Após período ‘encurralado’, Fabinho Soldado começa a mostrar serviço no Corinthians
Deixado de lado na novela Balotelli, executivo foi essencial para a vinda de André Ramalho, novo reforço para a zaga alvinegra
Executivo de Futebol do Corinthians, Fabinho Soldado foi fundamental para a contratação do zagueiro André Ramalho, apresentado nesta quinta-feira (18) como reforço do clube alvinegro. E o defensor não deverá ser o único atleta a ser negociado com participação direta e ativa do dirigente que tem tido dias tranquilos após semanas turbulentas.
Em meio a recentes protestos de torcedores organizados, o presidente Augusto Melo prometeu entre três e quatro reforços de impacto para a janela de transferências que abriu no último dia 10 de julho, o que aumentou a responsabilidade de Fabinho no mercado.
🆕 Sabia que André Ramalho, novo reforço do Corinthians, é um marco para o futebol da Red Bull?
— Trivela (@trivela) July 18, 2024
✍️ @FabioLazaro_ explica a históriahttps://t.co/9pfmbshsS3
Soma-se o compromisso do mandatário corintiano com a ‘novela Balotelli’, na qual Soldado sequer teve participação, o executivo teve a sua força no departamento de futebol questionada internamente. Por isso, a contratação de Ramalho foi uma resposta positiva.
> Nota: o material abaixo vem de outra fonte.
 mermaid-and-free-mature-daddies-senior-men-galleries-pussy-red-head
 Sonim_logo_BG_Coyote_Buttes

– Ele (Fabinho) me conduziu a conversar com o presidente, com o Pedro Silveira (diretor financeiro). As coisas vêm melhorando. Tudo afeta dentro de campo, as coisas ao redor precisam funcionar. Isso fez parte da minha tomada de decisão (em se transferir ao Corinthians) — disse André na sua primeira entrevista coletiva como atleta corintiano.
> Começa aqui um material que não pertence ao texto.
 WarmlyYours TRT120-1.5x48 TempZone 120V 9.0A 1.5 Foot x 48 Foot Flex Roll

Saída de António Oliveira foi momento chave para Fabinho Soldado
Defensor da manutenção do trabalho do português, com quem possuía boa relação, Fabinho Soldado se viu como voto vencido quando a diretoria corintiana optou por dispensar o treinador.
Esse período também foi o de maior pressão do executivo de futebol corintiano, que era cobrado por uma atuação maior no mercado, tendo visto que a janela de transferências estava prestes a abrir.
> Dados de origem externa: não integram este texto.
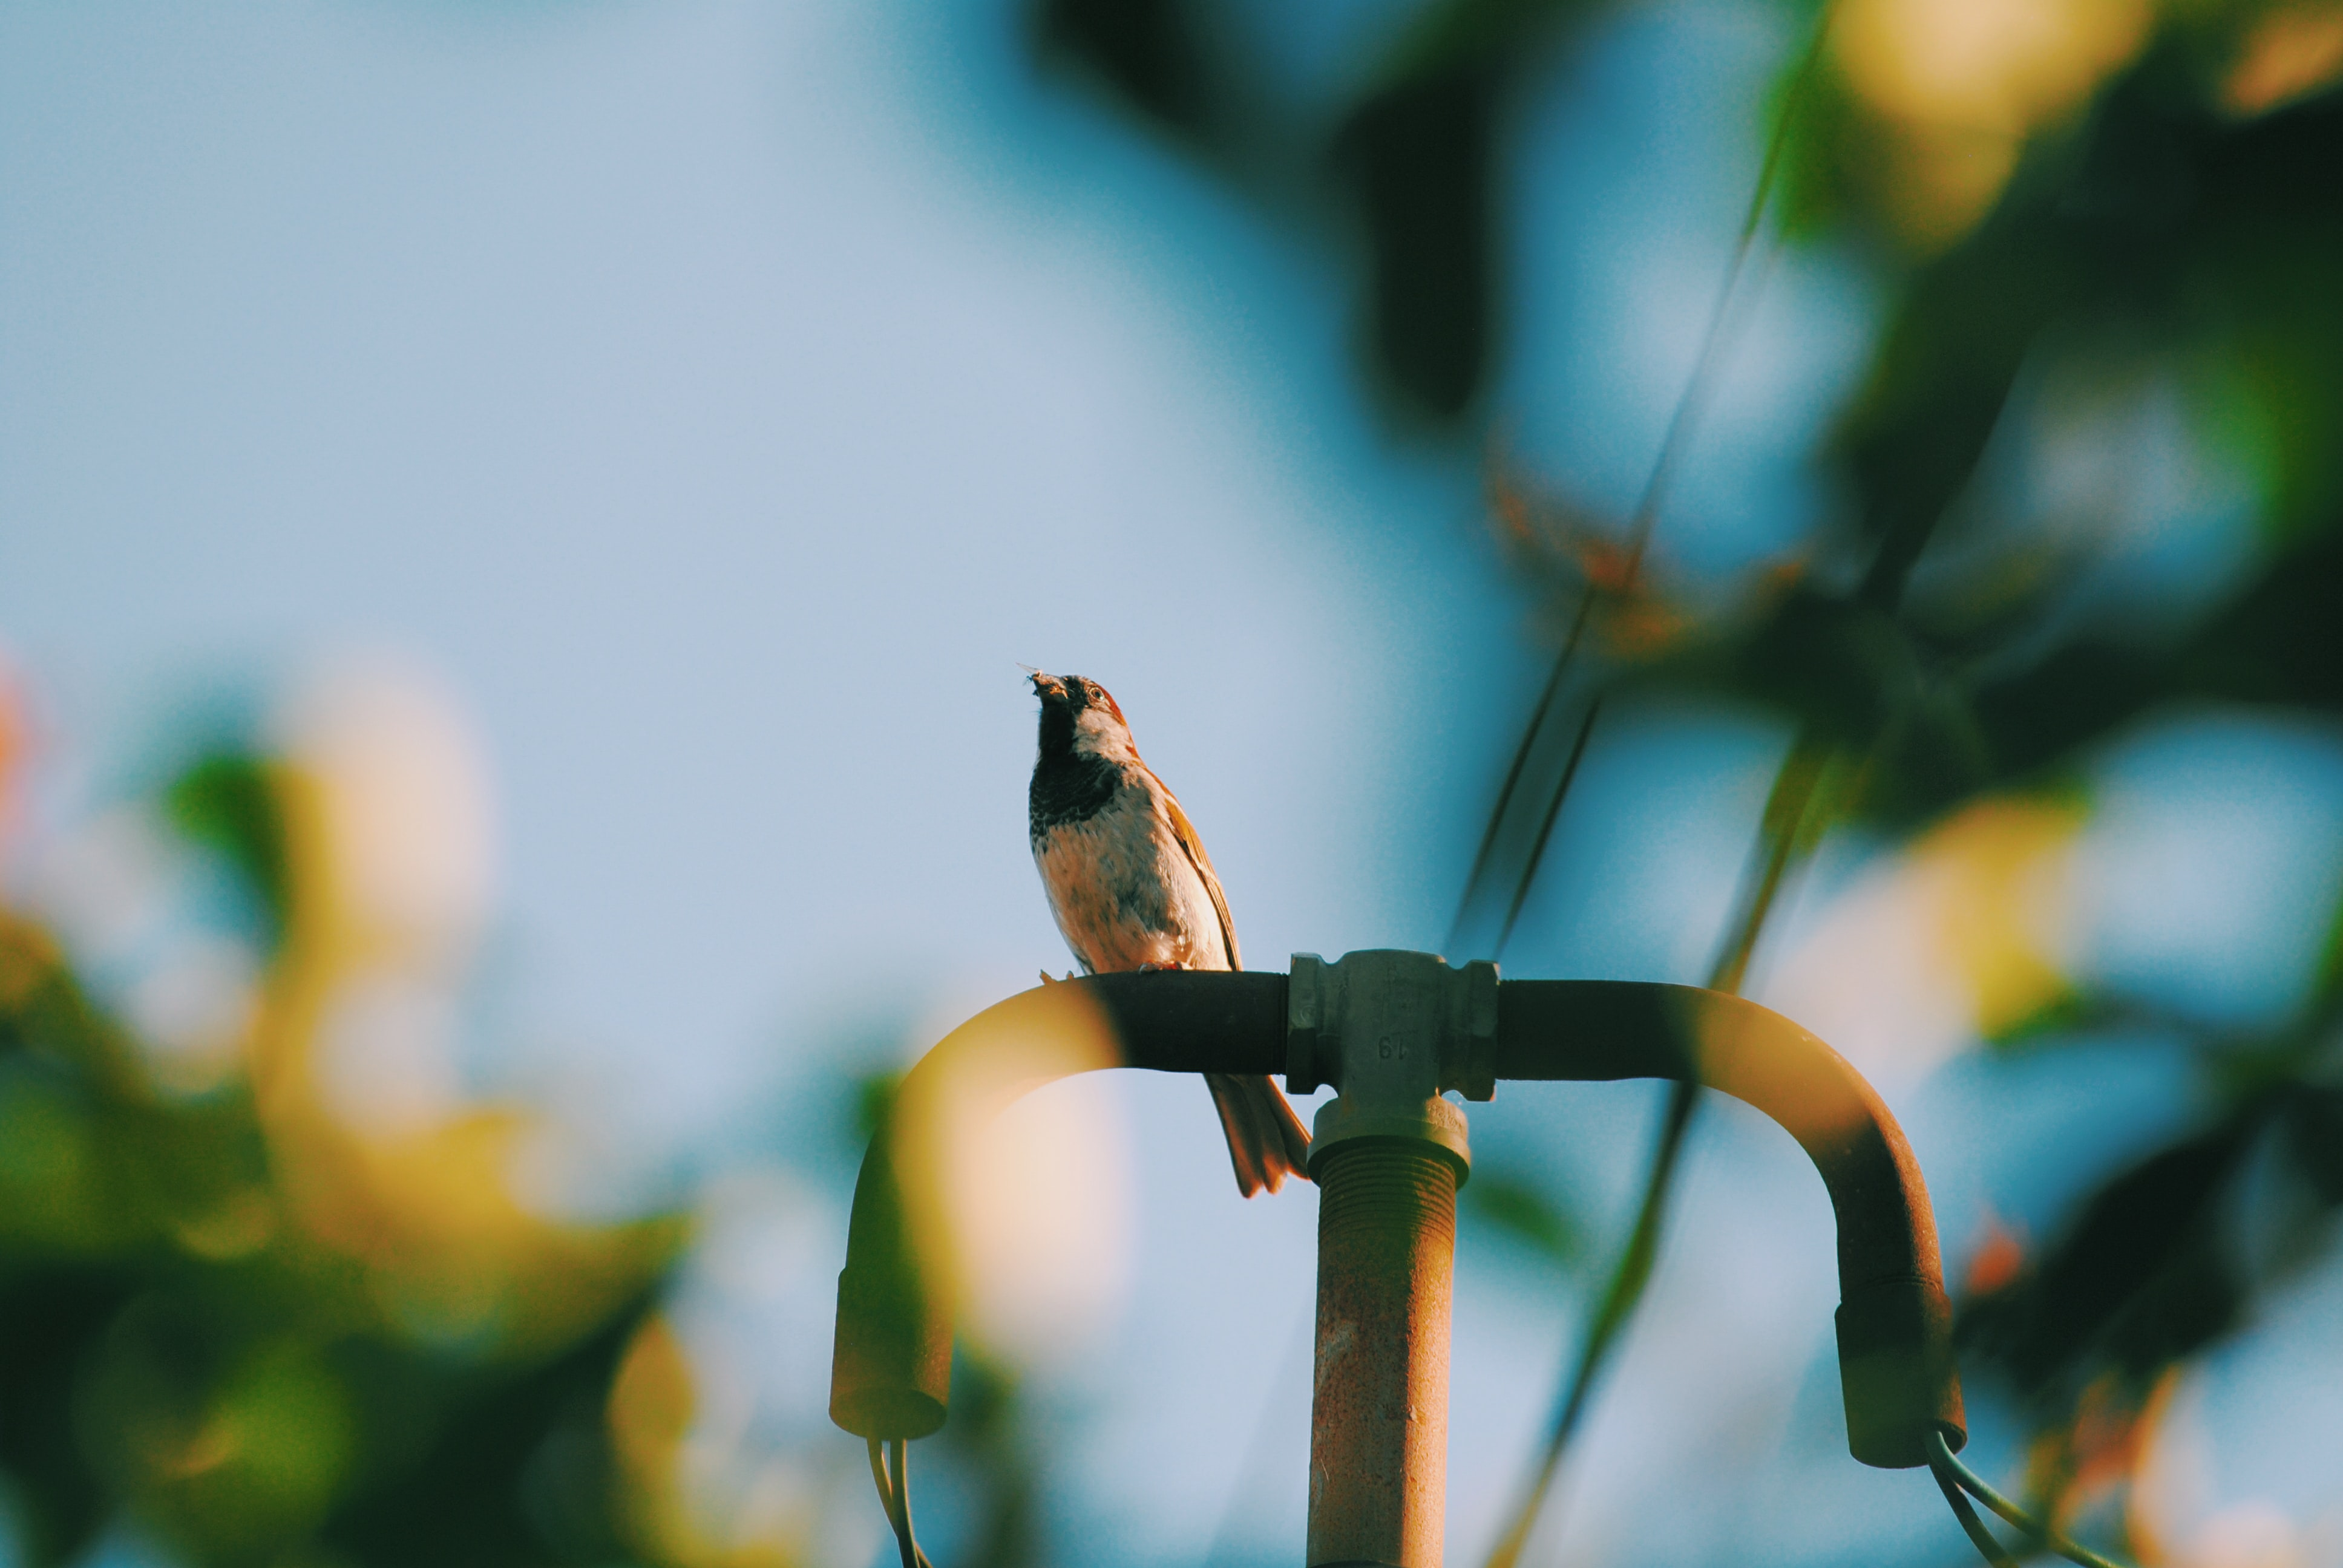 bird perched on street light

Muitos dos questionamentos a Fabinho também tinham a ver com a falta de experiência na função. Neste caso, a negociação frustrada pelo volante Walace jogou muito contra o profissional.
Primeiro, houve uma conversa animadora entre o executivo, o presidente Augusto Melo e os representantes do atleta, que deram sinal positivo para o avanço no negócio e se comprometeram a auxiliar nas negociações com a Udinese, da Itália, clube que detinha os direitos do meio-campista. No entanto, em um intervalo de 48 horas, Alexandre Mattos, diretor de futebol do Cruzeiro, que estava em viagem na Europa, conversou com a direção do time italiano e fechou a contratação do atleta para a Raposa.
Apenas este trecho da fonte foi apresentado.